Overnight Nurse Aide Staffing Deficiency
Penalty
Summary
The facility failed to meet the required minimum nurse aide (NA) staffing ratios on the overnight shift for four specific dates. The regulation mandates a minimum of one NA per 15 residents overnight, but the facility did not comply on 10/21/24, 10/25/24, 11/18/24, and 11/19/24. On these dates, the facility had a census of 58 to 59 residents, requiring approximately 3.87 to 3.93 NAs, but only 3.00 to 3.63 NAs were present. This deficiency was confirmed during an interview with the Assistant Director of Nursing, who acknowledged the shortfall in staffing on the specified dates.
Plan Of Correction
1. The facility is unable to correct the nurse aide staffing ratios that were not met during the overnight shifts on 10/21/24, 10/25/24, 11/18/24 and 11/19/24 due to unplanned absences.

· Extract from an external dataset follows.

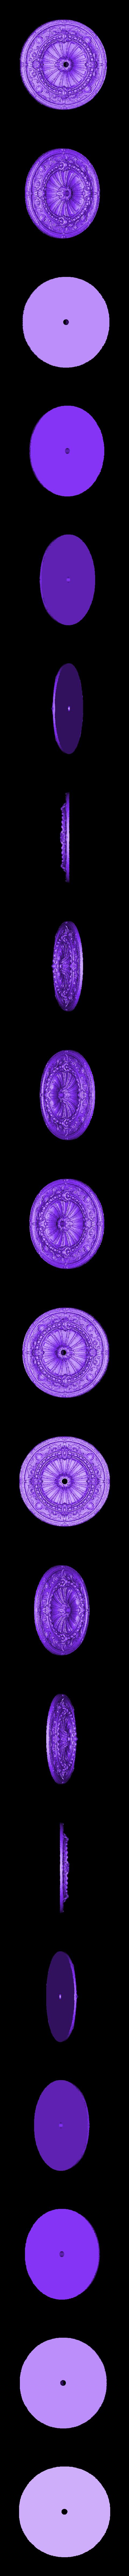 54.obj Télécharger fichier OBJ gratuit Moulures vintage pour vieux appartements classiques cnc art machine à router 3D printed • Modèle à imprimer en 3D, 3DPrinterFiles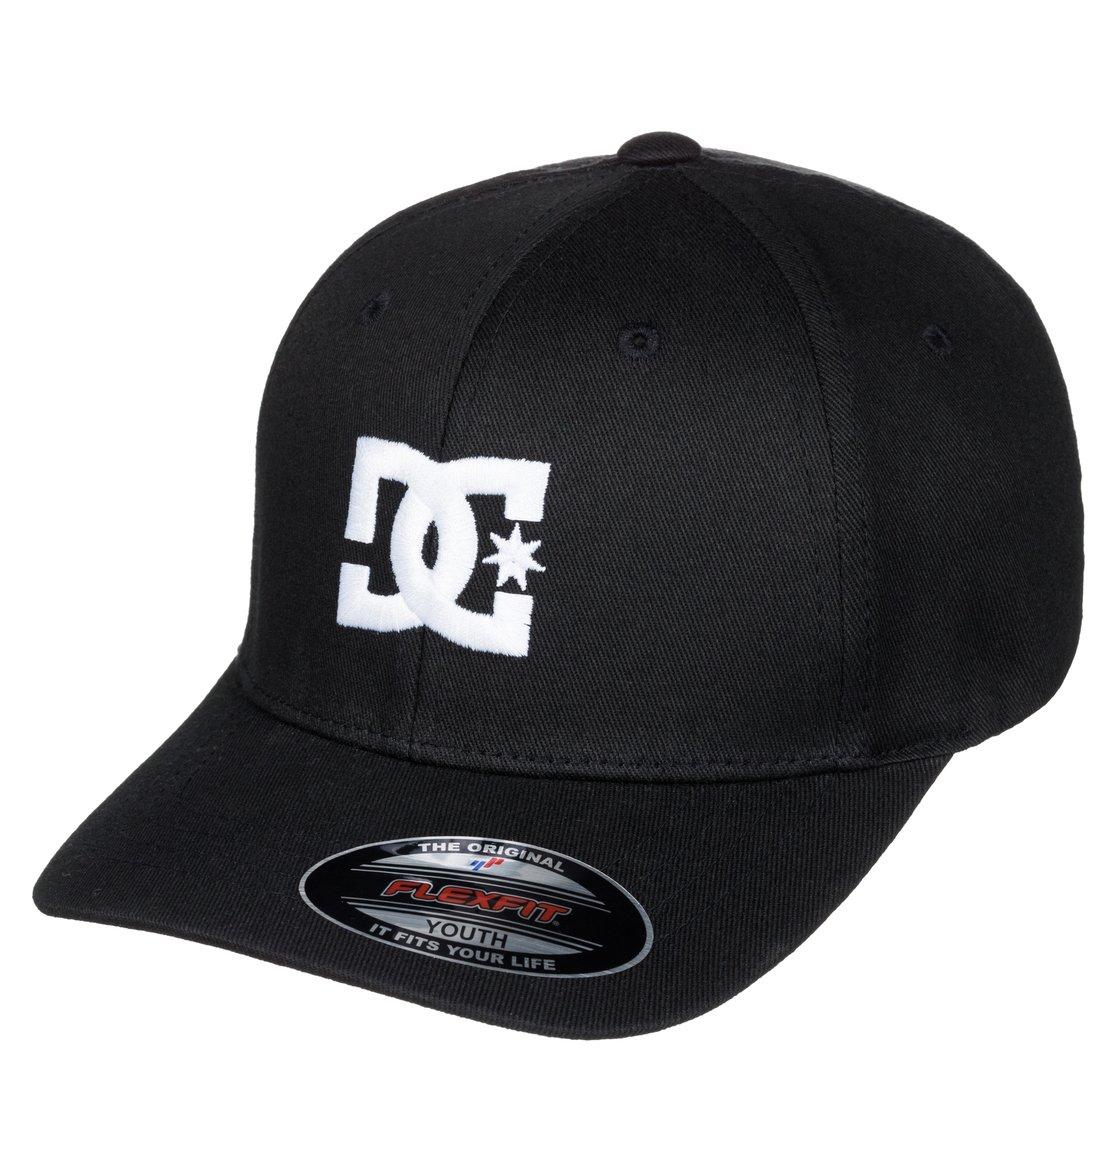 0 Cap Star 2 - Cappellino flexfit ADBHA03026 DC Shoes 3fe6bda92375

However, we will educate all nurse aides on the importance of staffing levels and their responsibilities to prevent absences. 2. The facility will work to ensure that nurse aide ratios are met every shift. 3. The Regional Clinical Consultant will re-educate the Nursing Home Administrator, Director of Nursing and HR Director/Scheduler on regulation P5520 to ensure nurse aide ratios are met every shift. Daily shift staffing ratios will be reviewed at daily staffing meetings. The Nursing Supervisors will review shift staffing ratios on the weekends. If the facility projects to not meet staffing ratios on a given shift, the scheduler/designee will be responsible for calling off duty personnel or for calling extra support staff to assist. 4. The Nursing Home Administrator will audit staffing daily for four weeks and then monthly for two months to ensure nurse aide ratios are being met. Outcomes will be reported to the Quality Assurance Performance Improvement Committee for review, recommendations and frequency of audits. 5. The facility will conduct an Employee Retention survey from 12/27/2024 through 1/6/2025 to evaluate staffing concerns and reasons for call-offs. This will be done to prevent further call-off concerns meeting daily staffing ratios. 6. A DON/designee will ensure staffing levels meet direct care requirements and report to DON or Nursing Home Administrator every day with needs or call-offs.